Bankruptcy and its Impact on Credit Scores and Access to Credit (Part I--Credit Reports)

I get a lot of questions from clients about how a bankruptcy will affect their credit score.  It is at this point when I am typically forced to give a frustratingly vague answer: "It depends," or its even more aggravating cousin: "It's complicated."

Since I recognize that these are wholly unsatisfying responses, I've decided to dedicate the next few blog posts to the issue of credit reports, credit scores, the effect of a bankruptcy on credit scores, and its potential impact on access to credit and the interest rates at which people can borrow.  As I said, this is a complicated subject.  It's complicated for two reasons: (1) because the credit scoring algorithms are considered proprietary trade secrets not available to the general public, and (2) because every lender has its own set of lending criteria based (in part) on whatever score the lender happens to use.  Because of this opaque system, any specific prediction about a person's credit score and (more importantly) his or her future access to credit is necessarily speculative.
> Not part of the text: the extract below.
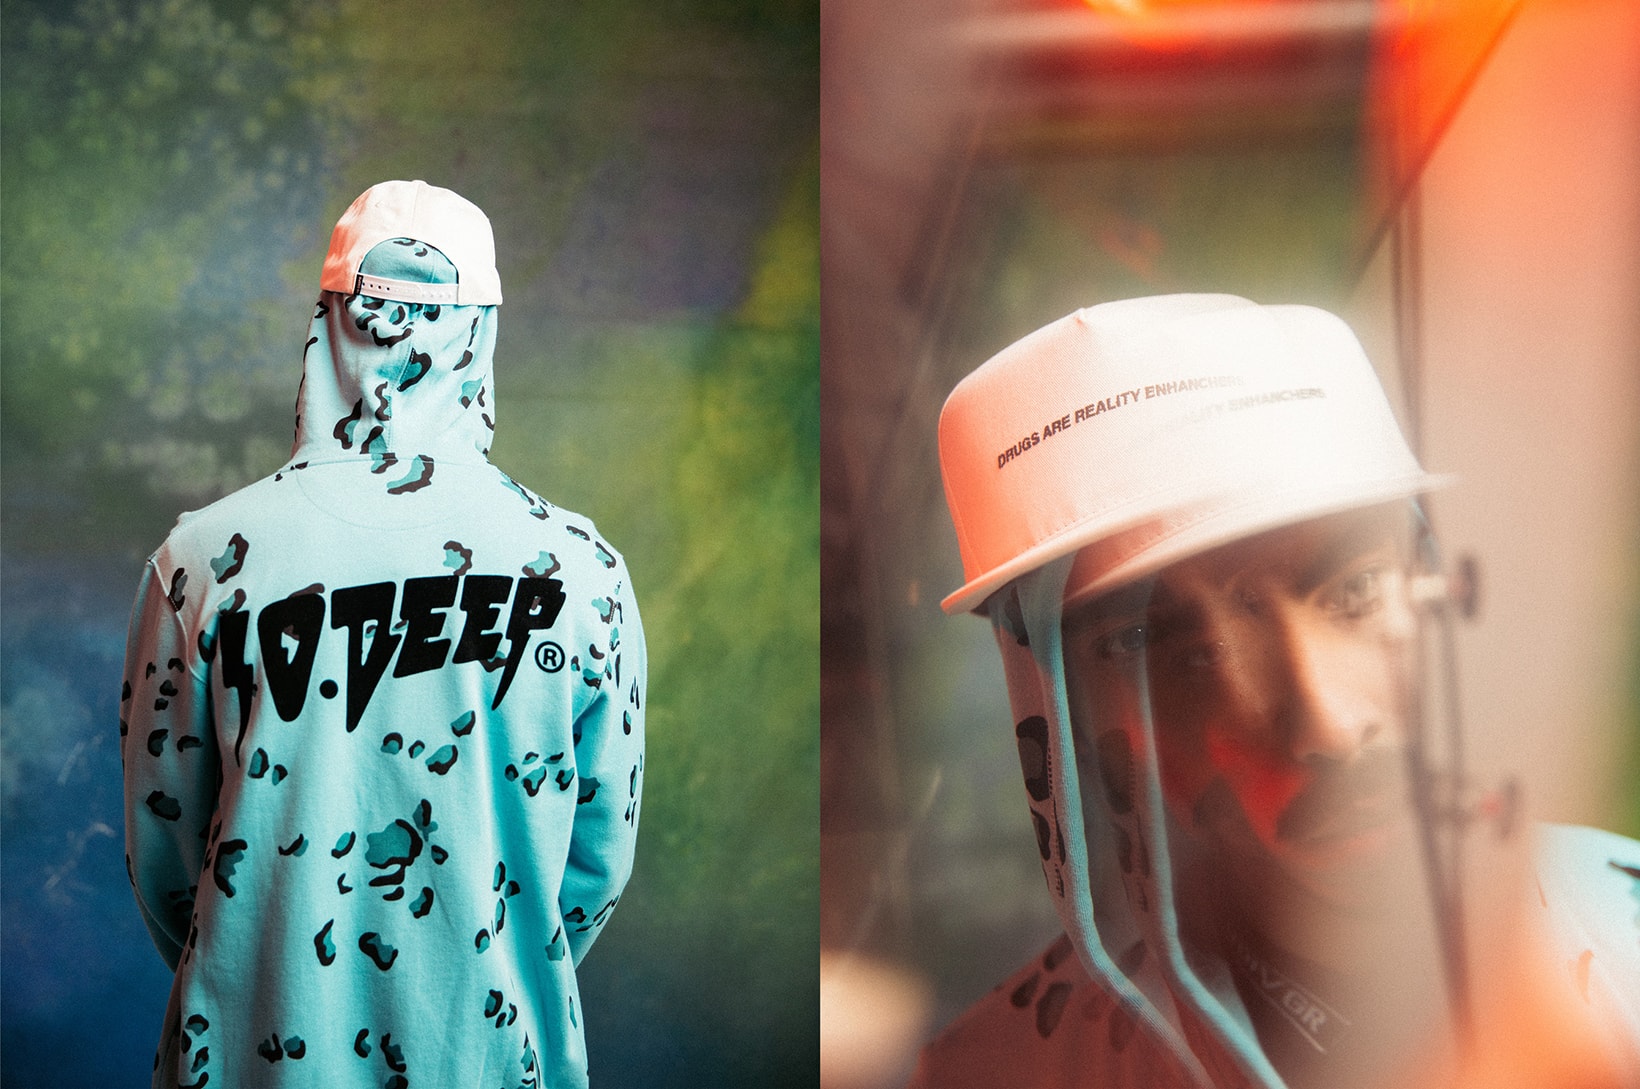 10 Deep Spring Summer 2018 Delivery 2 Lookbook collection release date info drop psychedelic

That said, there are certain aspects of the credit reporting and credit scoring system that are known, which we can use to make some educated guesses about how a person's access to credit will be impacted by a bankruptcy filing.

First, some basics:

Though we often refer to a person's credit score as if it's some magic number that single-handedly determines whether a person gets credit and at what rate in all circumstances, that is not really the case. There is no such thing as a universal credit score for any given person.  The term "credit score" is a generic term referring to some company's calculation of what they perceive to be a consumer's risk of default in the future.  This calculation is then sold to a lender so that the lender can make a decision about whether or not to extend credit, and at what rate.  Some lenders use their own scoring models, rather than buying a scoring algorithm "off the rack" from a third-party company.

The calculation of a credit score is based on raw data which are supposed to be predictive of a person's potential for default.  The raw data that are used are generally drawn from the information in a person's credit report from one of the three major consumer credit reporting agencies (Equifax, Experian, or TransUnion).  These companies are commonly referred to as CRAs.  Some scoring systems use additional information beyond that drawn from the CRAs, but for the purposes of this post, it is sufficient to focus on what is reported in the CRAs and for how long.

Since the raw data that are fed into the credit scoring models come from the credit reports maintained by the CRAs, it's first important to understand what derogatory payment history information makes it into the credit reports and how long it stays.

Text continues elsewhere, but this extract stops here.